### STORED DATA
───

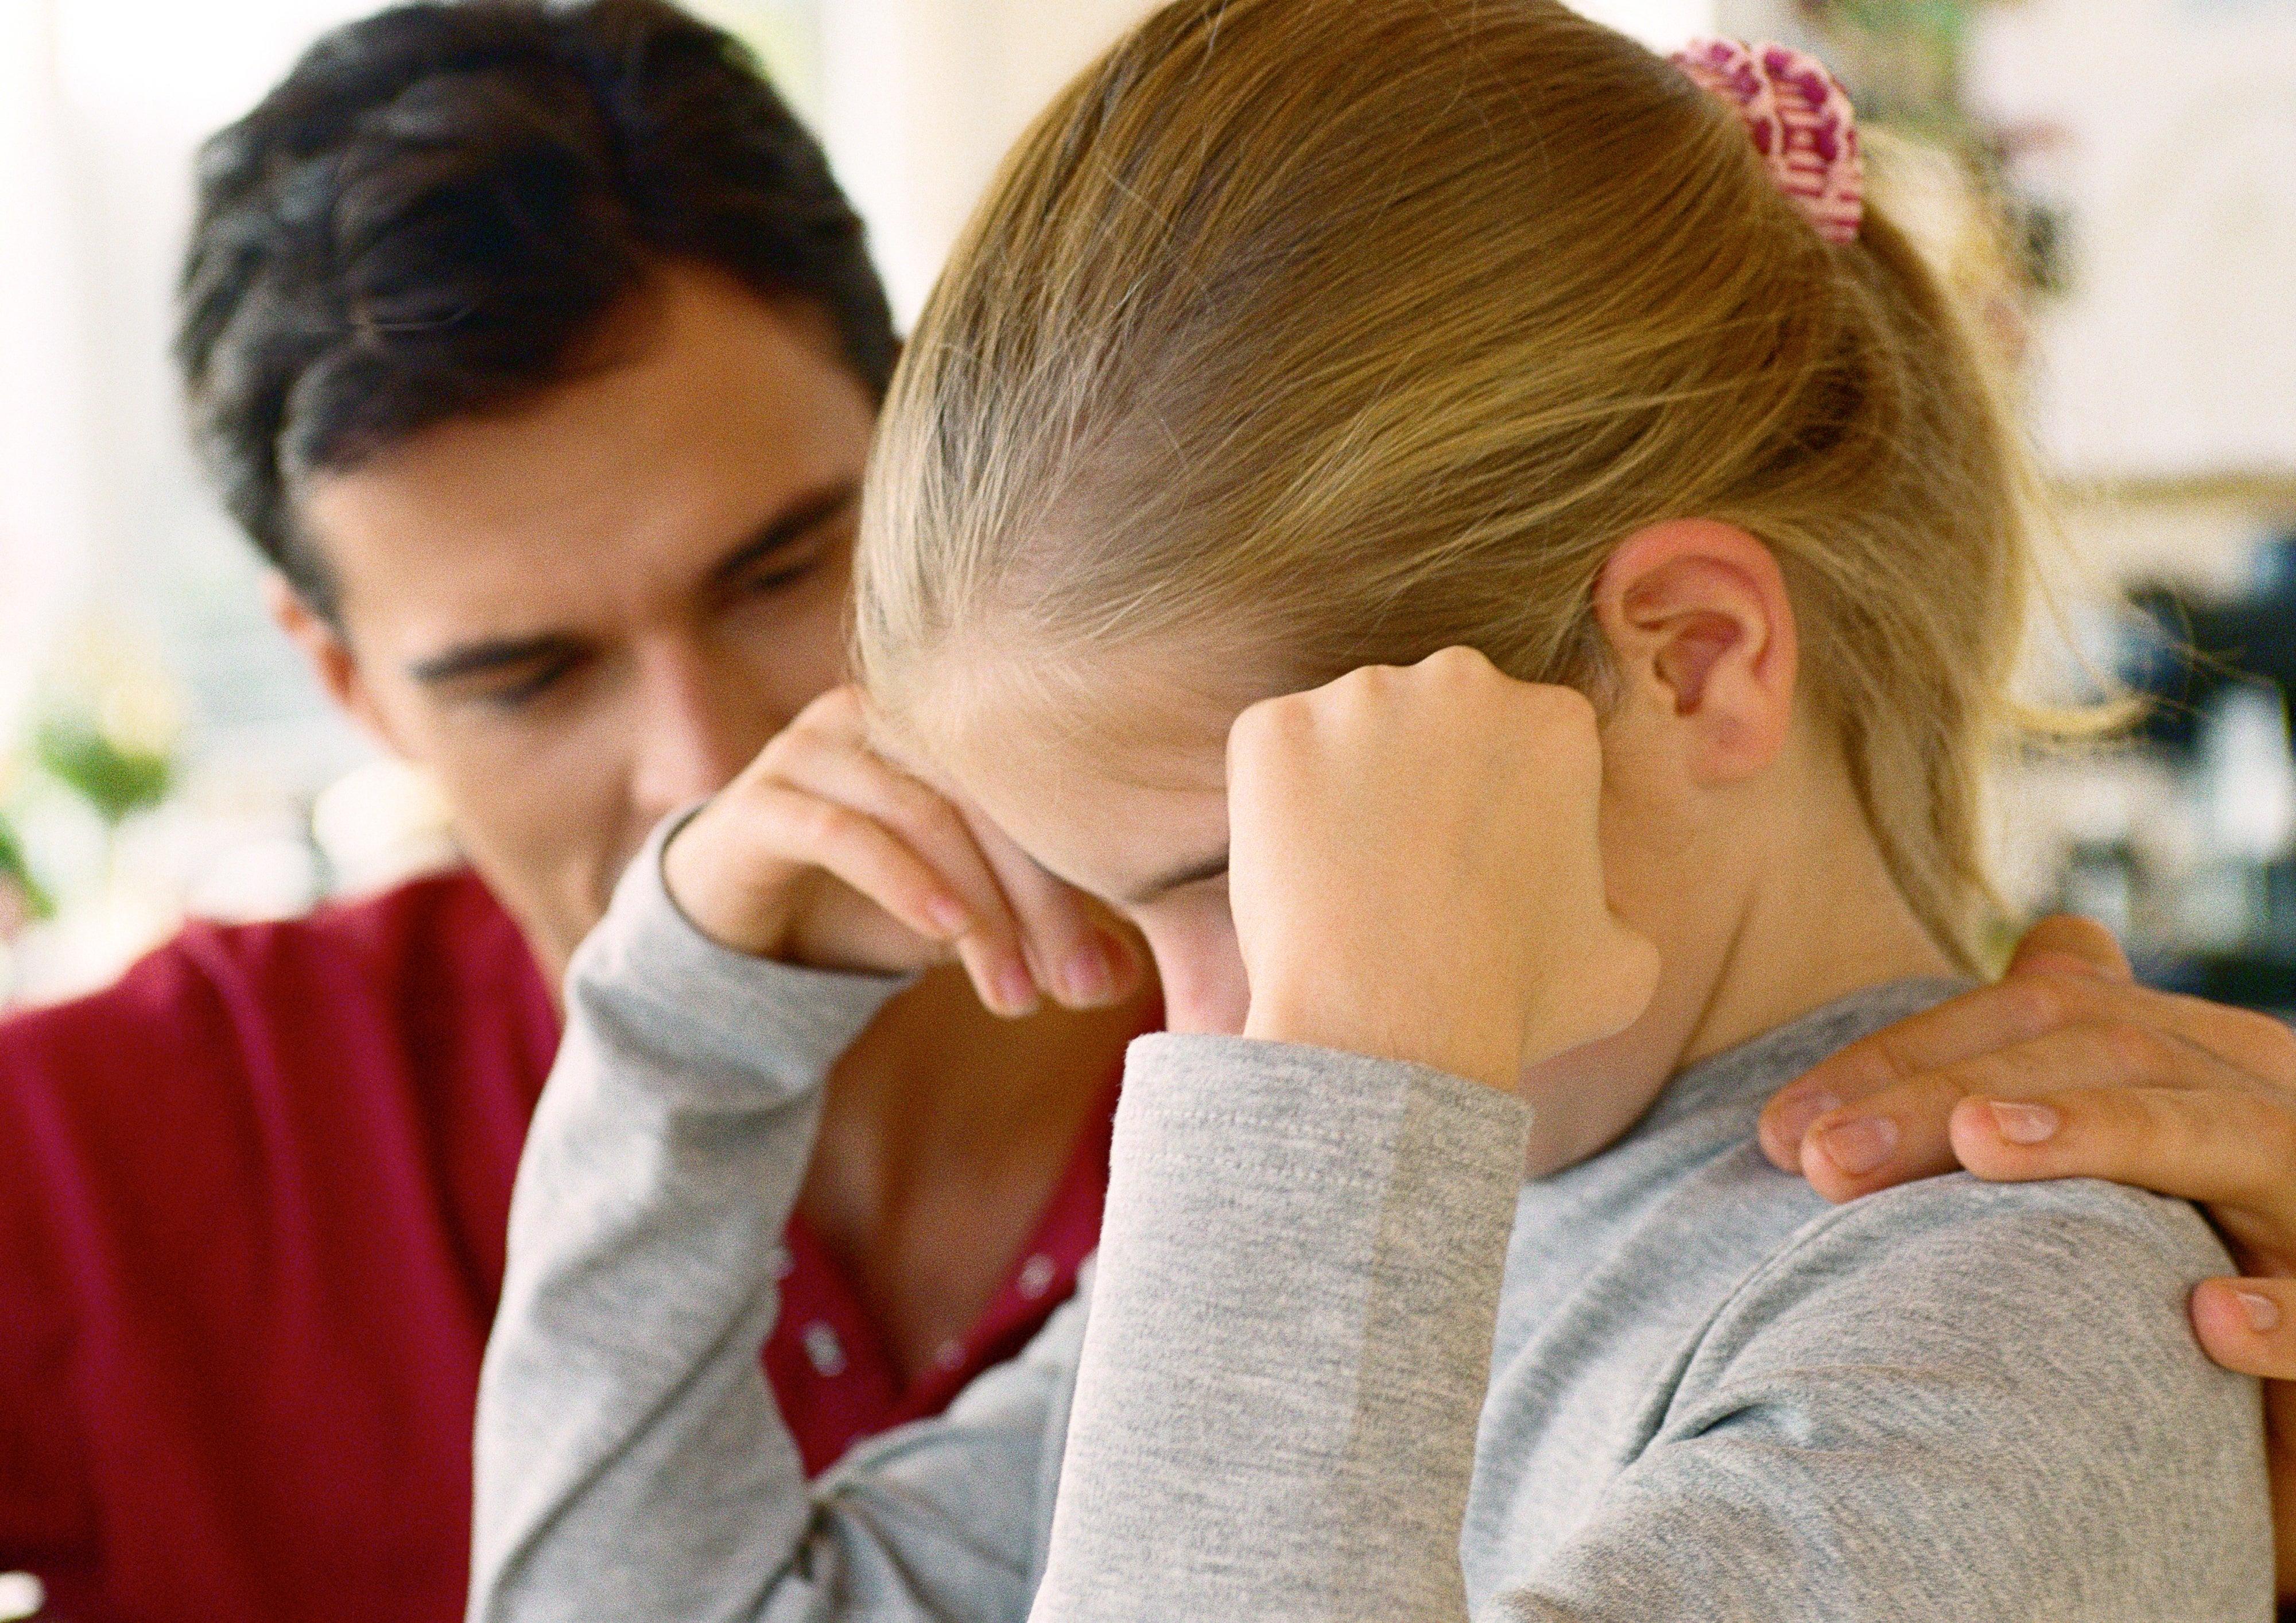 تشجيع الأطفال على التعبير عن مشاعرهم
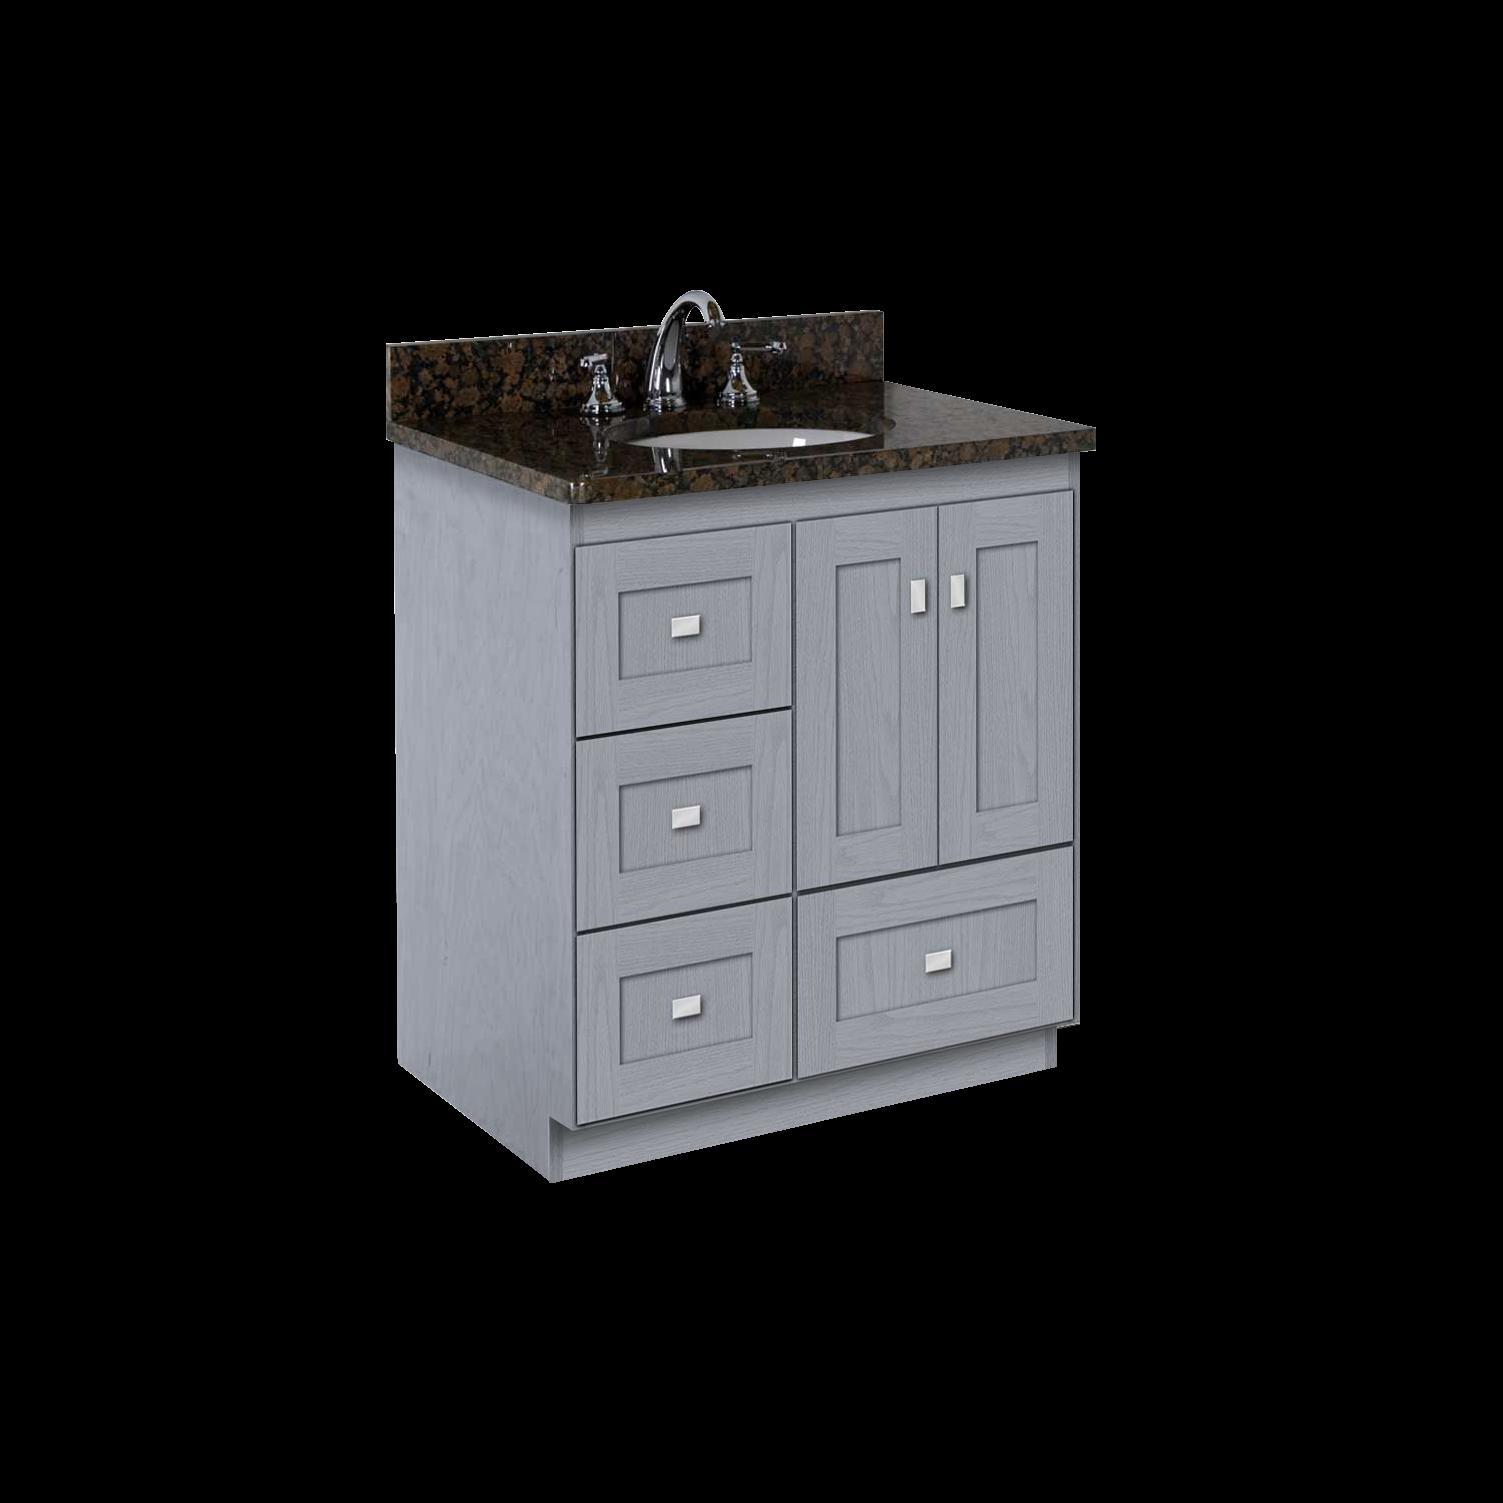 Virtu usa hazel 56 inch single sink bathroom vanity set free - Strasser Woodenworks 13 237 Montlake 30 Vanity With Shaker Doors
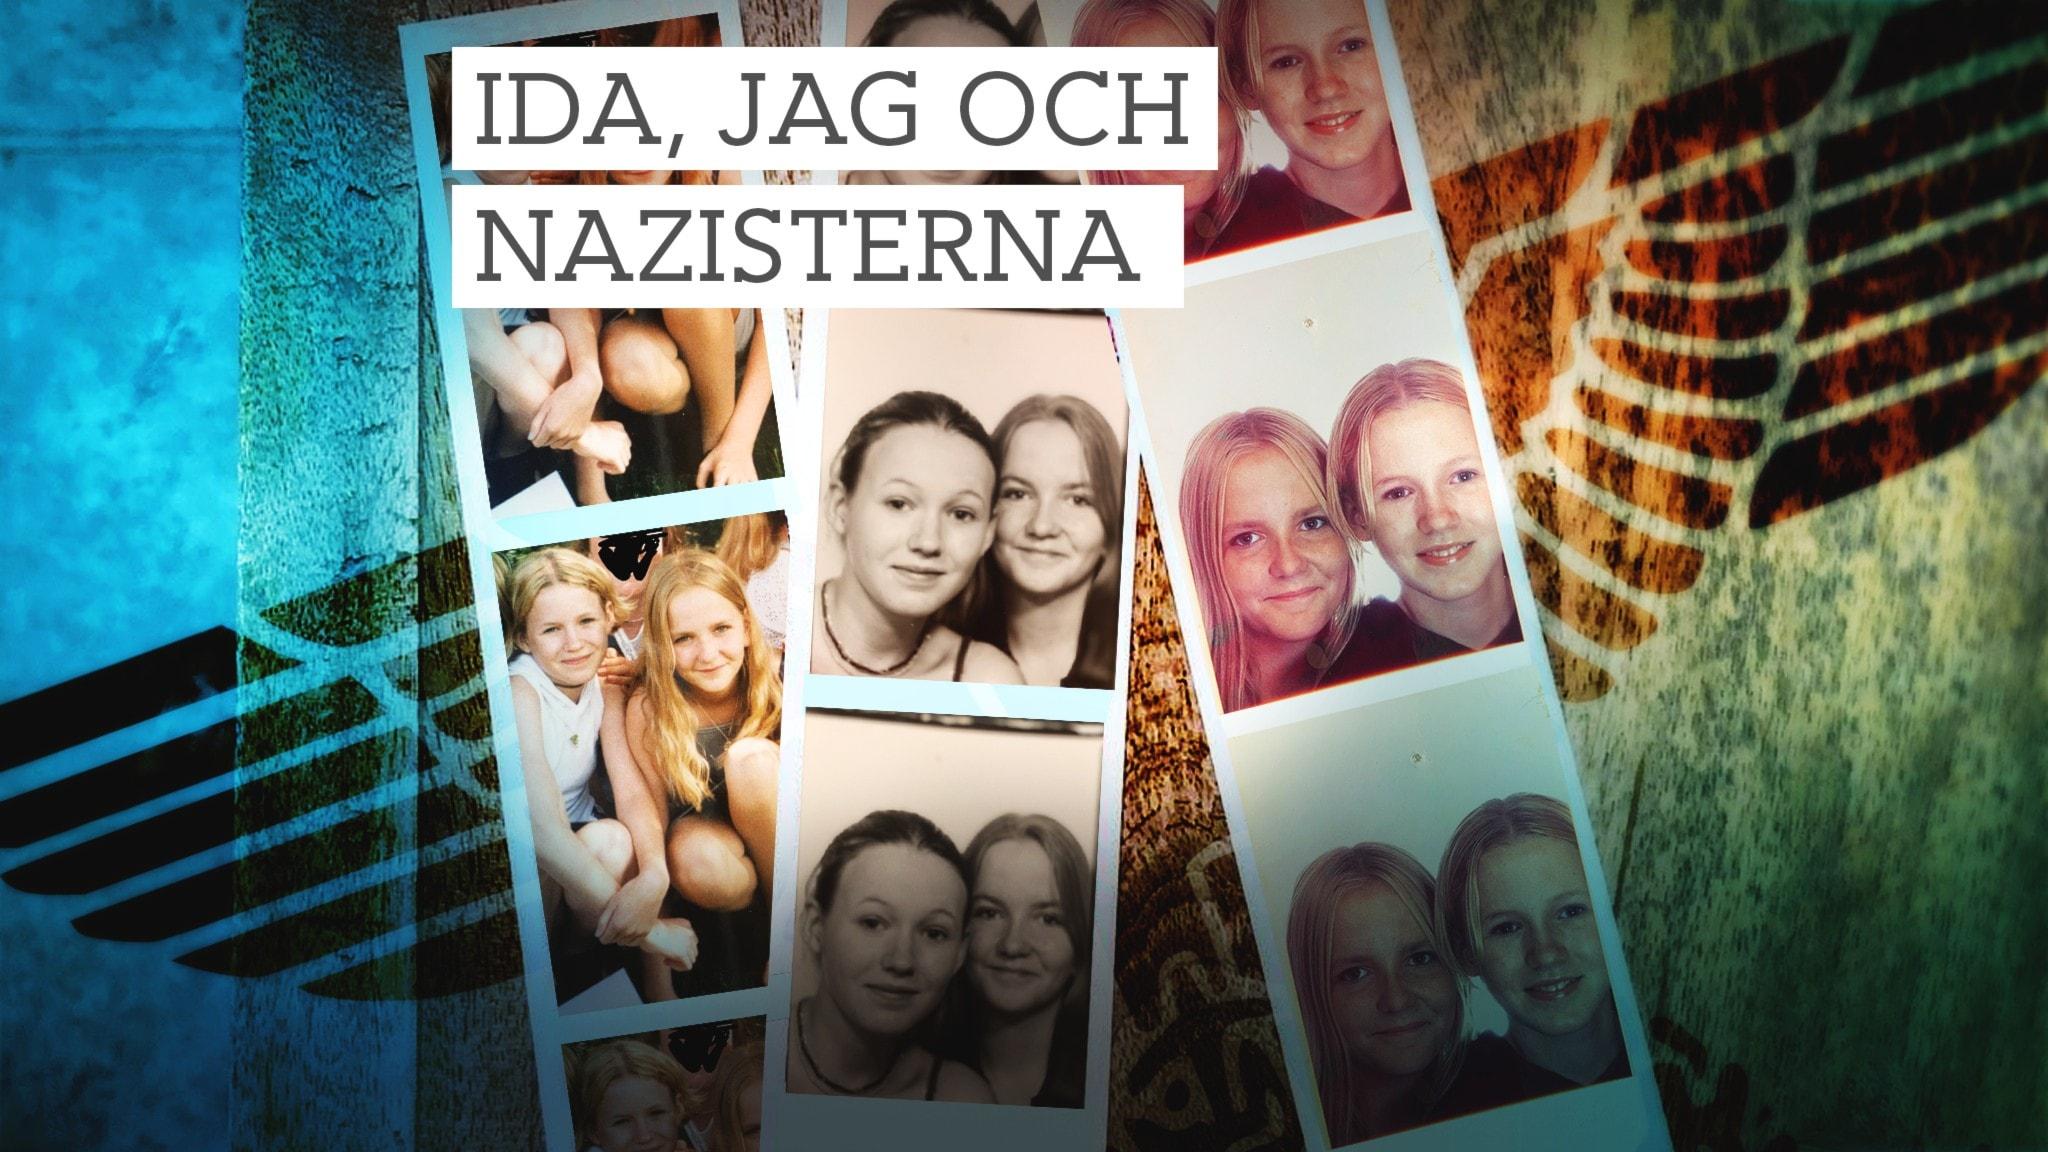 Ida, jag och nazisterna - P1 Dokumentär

───

### ASSIGNED TASK
Write out every line above again exactly, with the pictures left out.

### RESPONSE FOR THIS EXERCISE
 تشجيع الأطفال على التعبير عن مشاعرهم
 Virtu usa hazel 56 inch single sink bathroom vanity set free - Strasser Woodenworks 13 237 Montlake 30 Vanity With Shaker Doors
 Ida, jag och nazisterna - P1 Dokumentär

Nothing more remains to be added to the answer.